= William Sanders (geologist) =

English geologist (1799–1875)

William Sanders (12 January 1799 – 12 November 1875) was an English merchant and geologist.

== Early life and career ==
Sanders was born in Bristol on 12 January 1799, and educated mainly at a school run by Thomas Exley. For a time Sanders and a brother were in partnership as corn merchants, but he retired from business to concentrate on scientific work. Later he helped develop the Bristol Museum, of which for many years he was honorary curator. He was the founding President of the Bristol Naturalists Society in May 1862 until his death in 1875.

==Works==
A geological map of the Bristol Coalfield, on a scale of four inches to the mile, was Sanders's major work; it was begun in 1835 and finished in 1862, when it was published. It covered an area of 720 square miles, and was laid down from his own surveys. The preparatory topographical map was made under his care and at his own expense, by collating about one hundred parish maps on different scales.
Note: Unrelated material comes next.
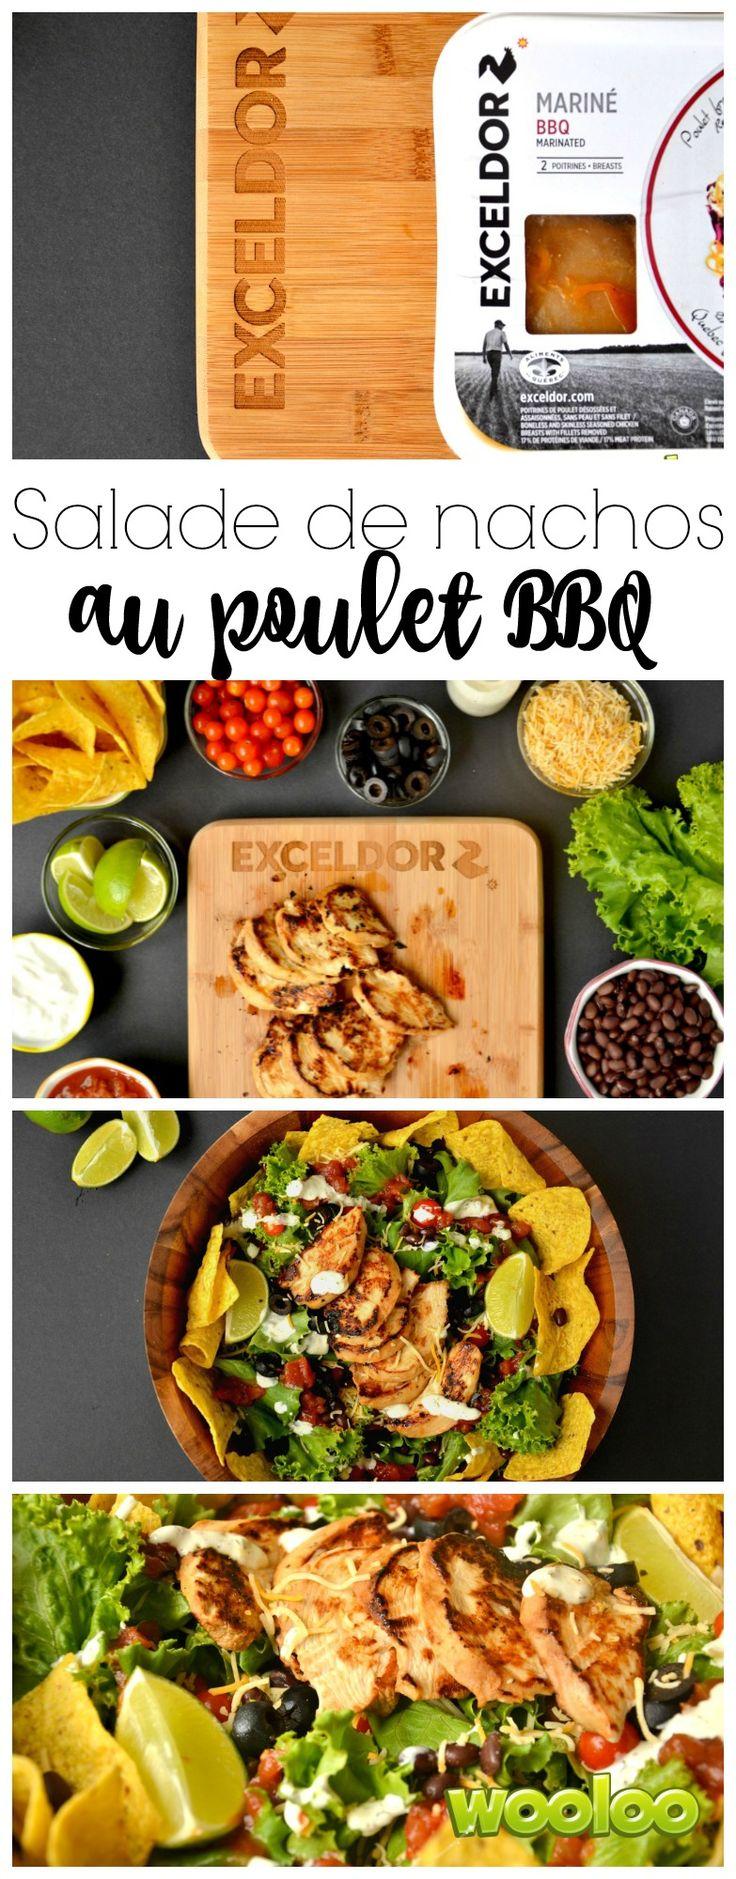 Cette salade de nachos au poulet BBQ est goûteuse,  croquante et super santé. Une recette passe-partout pour recevoir à l'improviste ou pour apporter lors de votre prochain potluck.  Ajoutez-y une délicieuse poitrine de poulet mariné Exceldor pour obtenir un repas sur le pouce rapide à préparer et  vraiment délicieux!

Sanders wrote five papers, read to the British Association, and co-operated with John Phillips's survey of North Devon. He also published a pamphlet on the crystalline form of celestine from Pyle Hill, Bristol, and made a manuscript study of the railway cuttings on from Bath through Bristol to Taunton. He supplied evidence to the health of towns commission, 1844–5, and for a report to the General Board of Health (1850).

== Honours ==
He was elected Fellow of the Geological Society in 1839, and Fellow of the Royal Society in 1864.

== Personal life ==
On 12 November 1875, Sanders died unmarried.